**EXERCISE DIRECTIONS**: Without the pictures, repeat all of the data exactly as it appears below.

**INPUT DATA**:
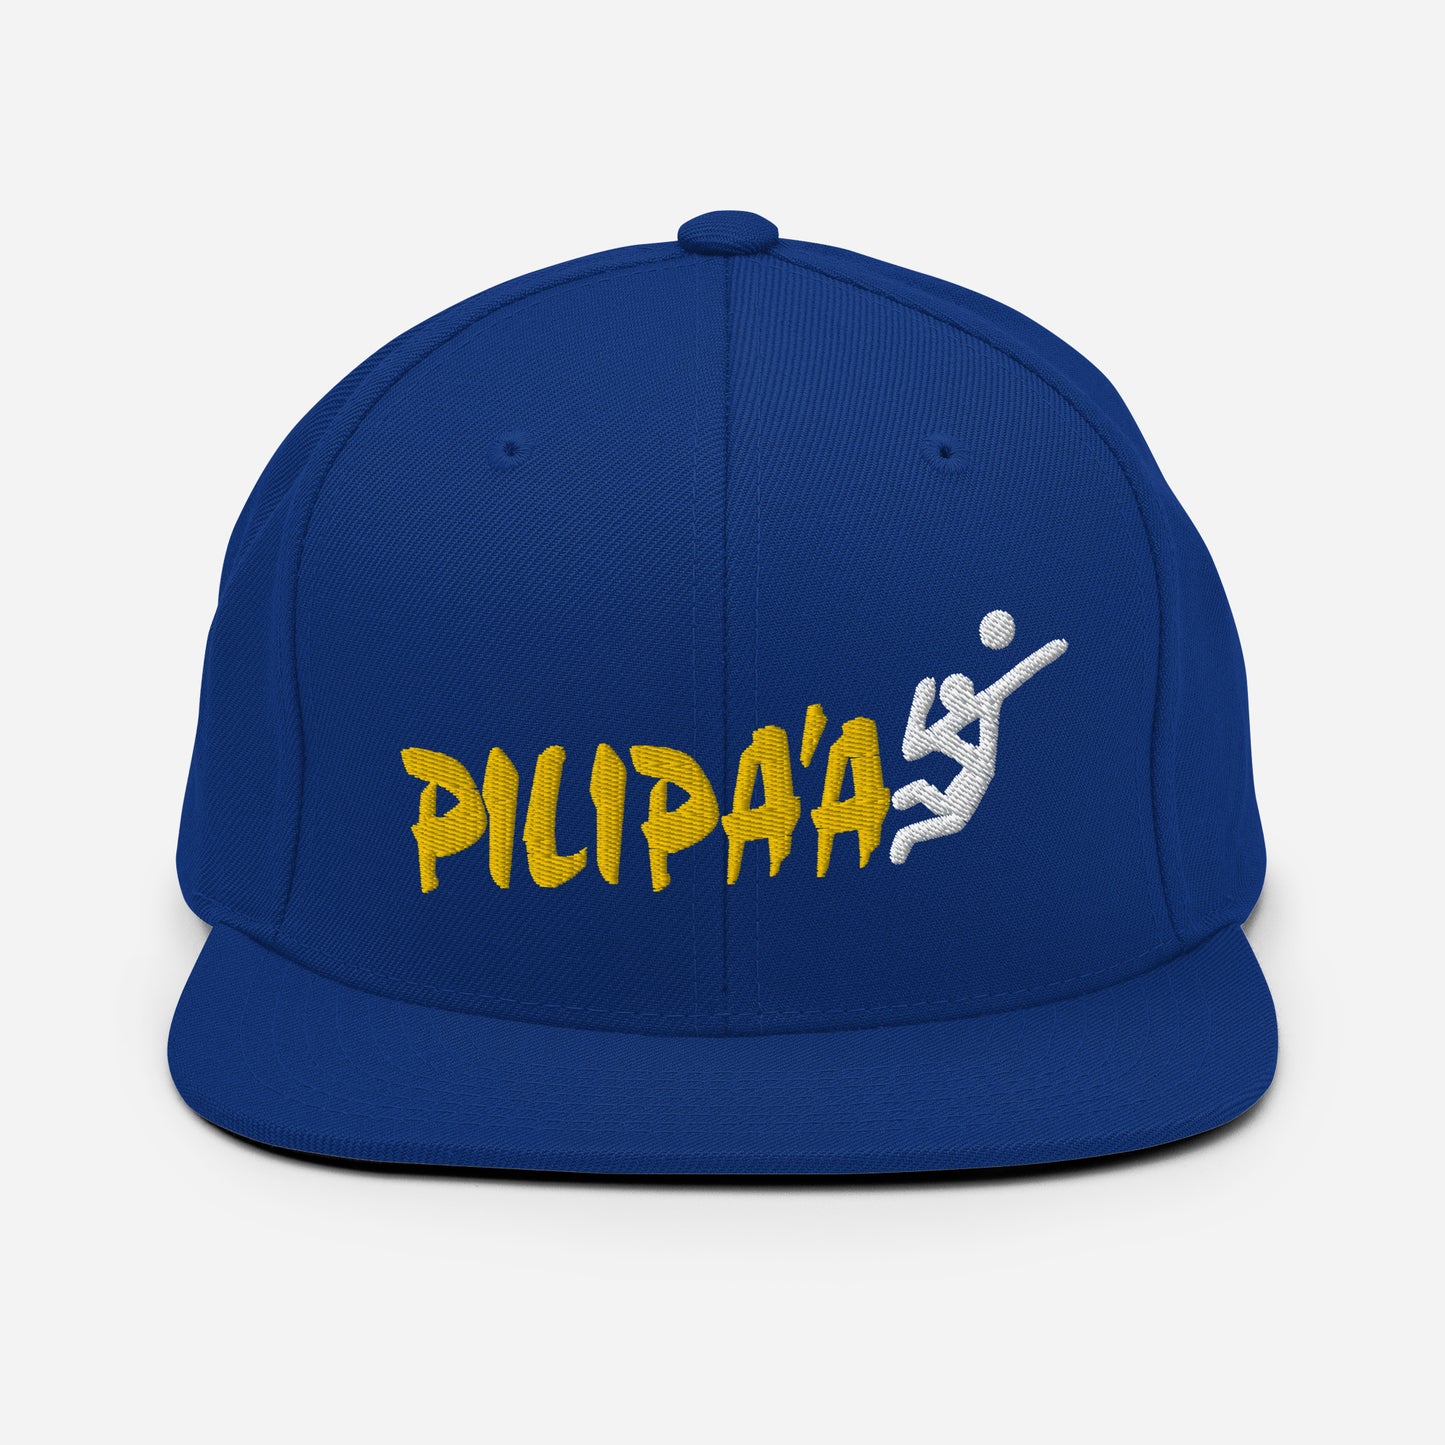 Pilipa'a Embroidered Snapback
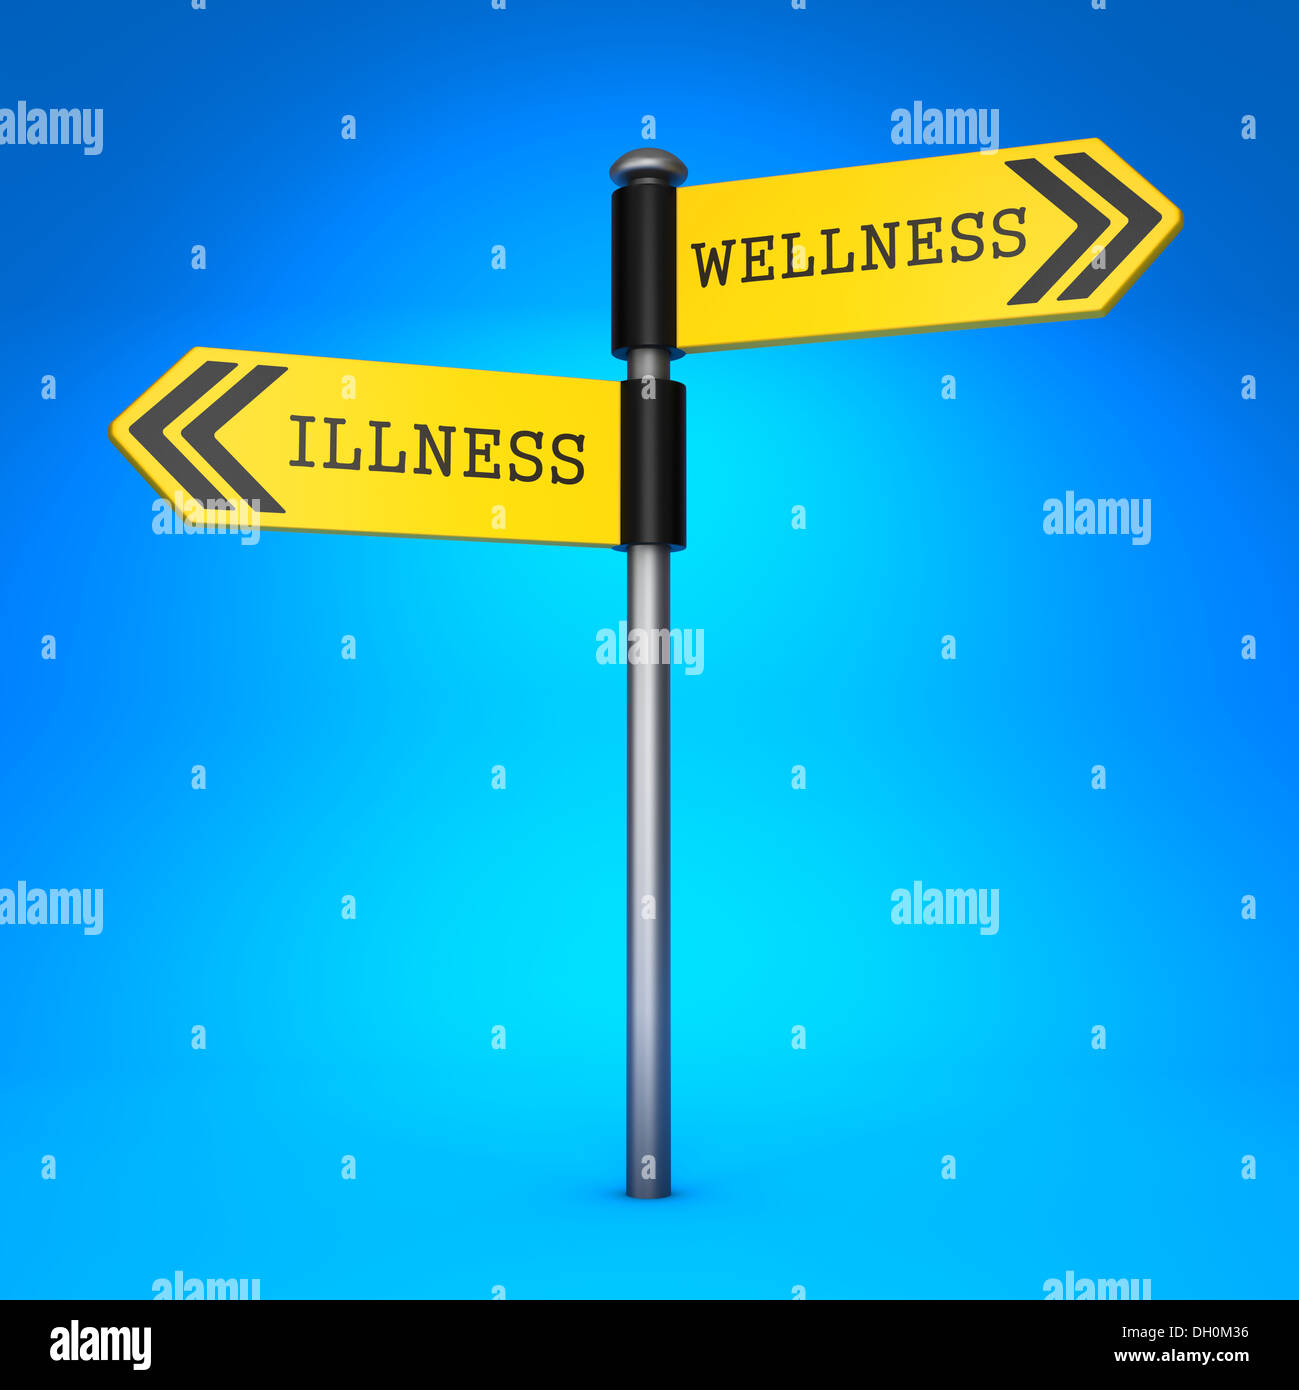 Wellness or Illness. Concept of Choice. Stock Photo
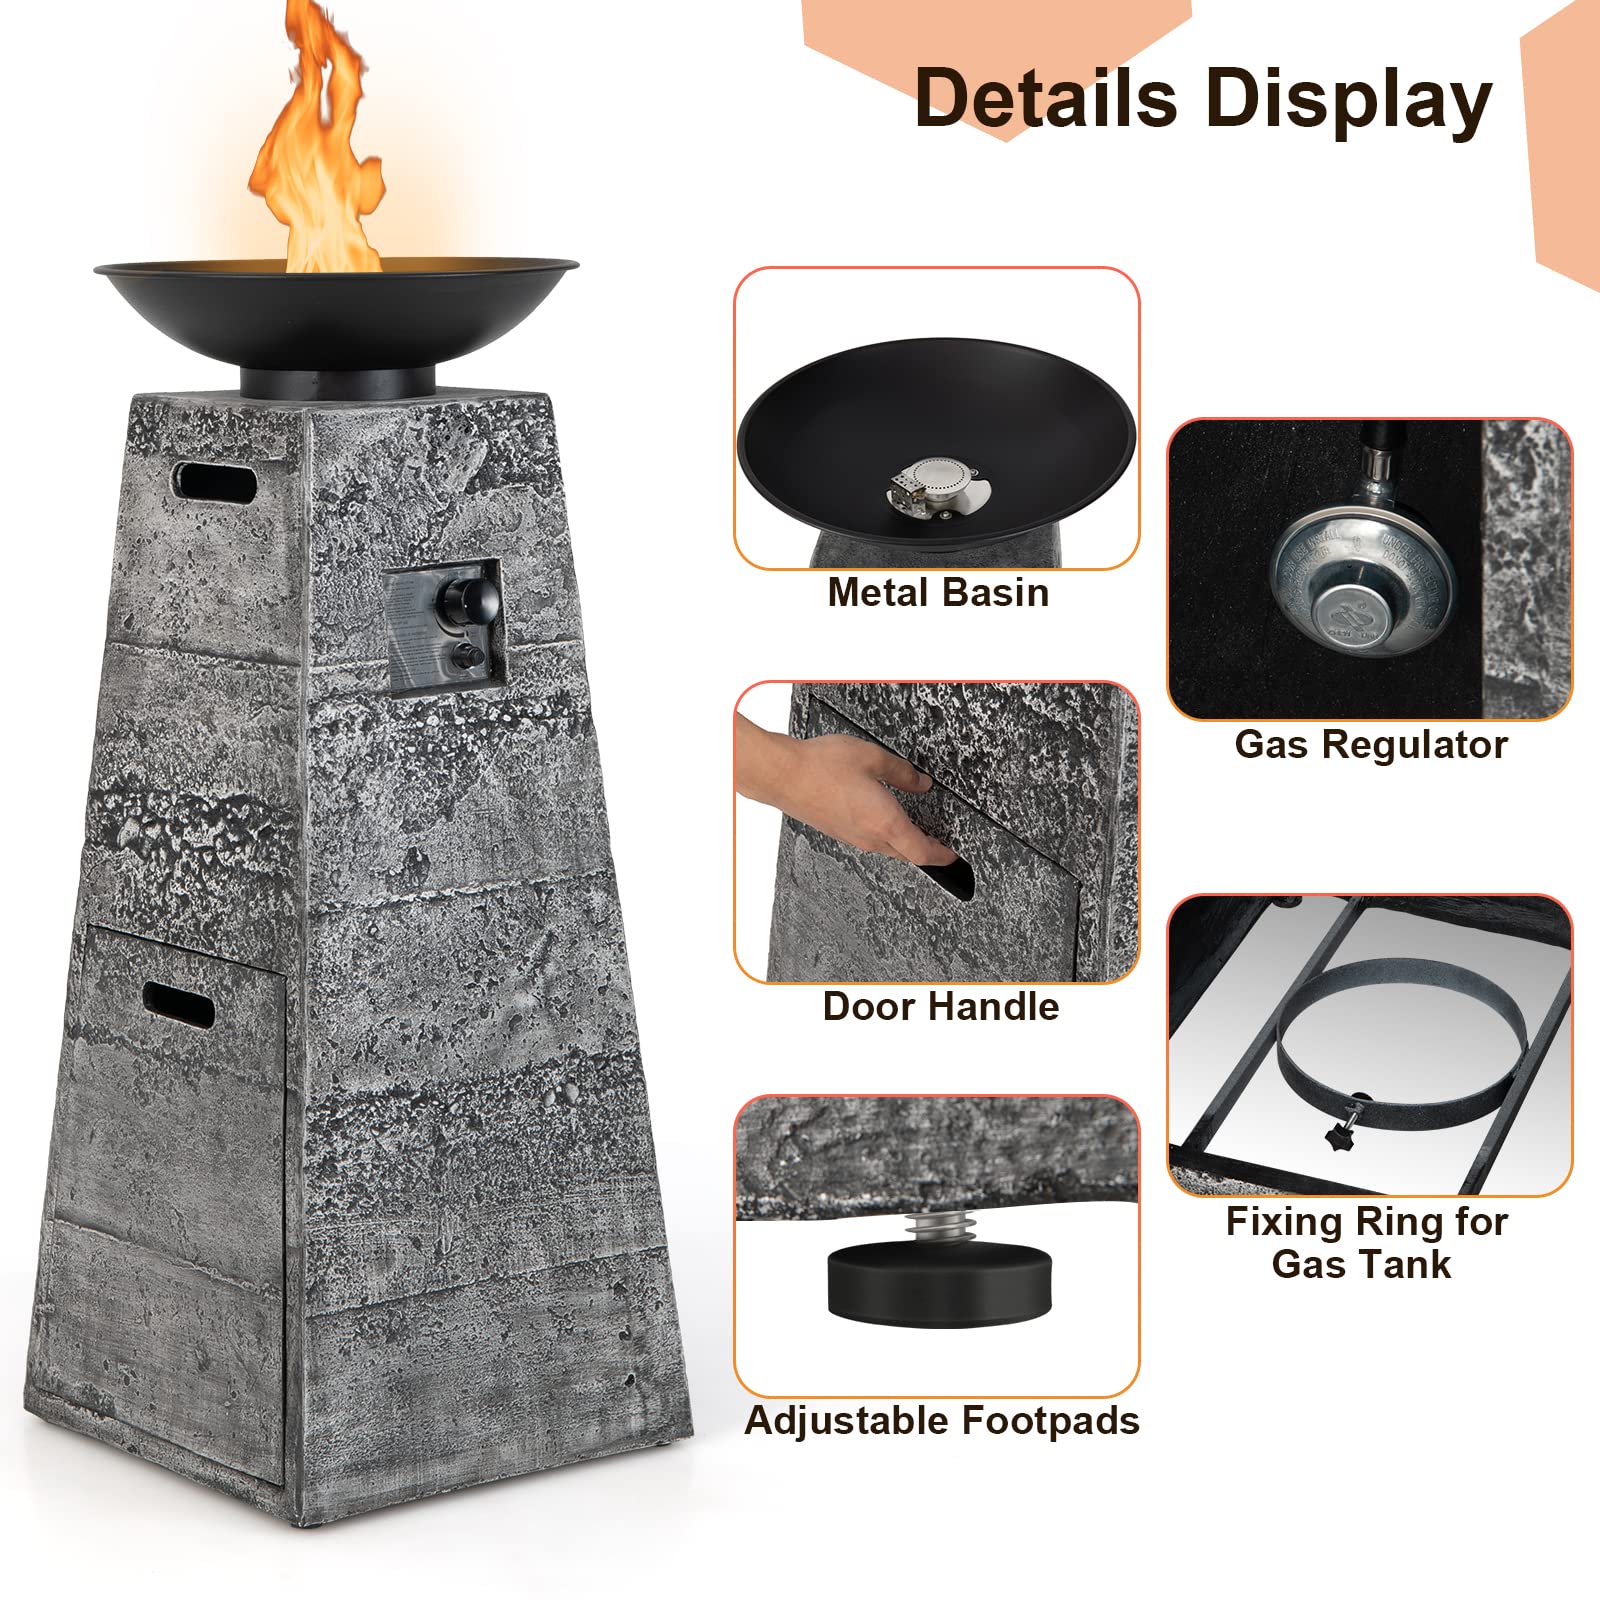 Giantex Outdoor Propane Fire Pit - 48 Inch Propane Fire Bowl Column with Lava Rocks & PVC Cover, 30,000 BTU Heat Output

**RESULT OF THIS TASK**:
 Pilipa'a Embroidered Snapback
 Wellness or Illness. Concept of Choice. Stock Photo
 Giantex Outdoor Propane Fire Pit - 48 Inch Propane Fire Bowl Column with Lava Rocks & PVC Cover, 30,000 BTU Heat Output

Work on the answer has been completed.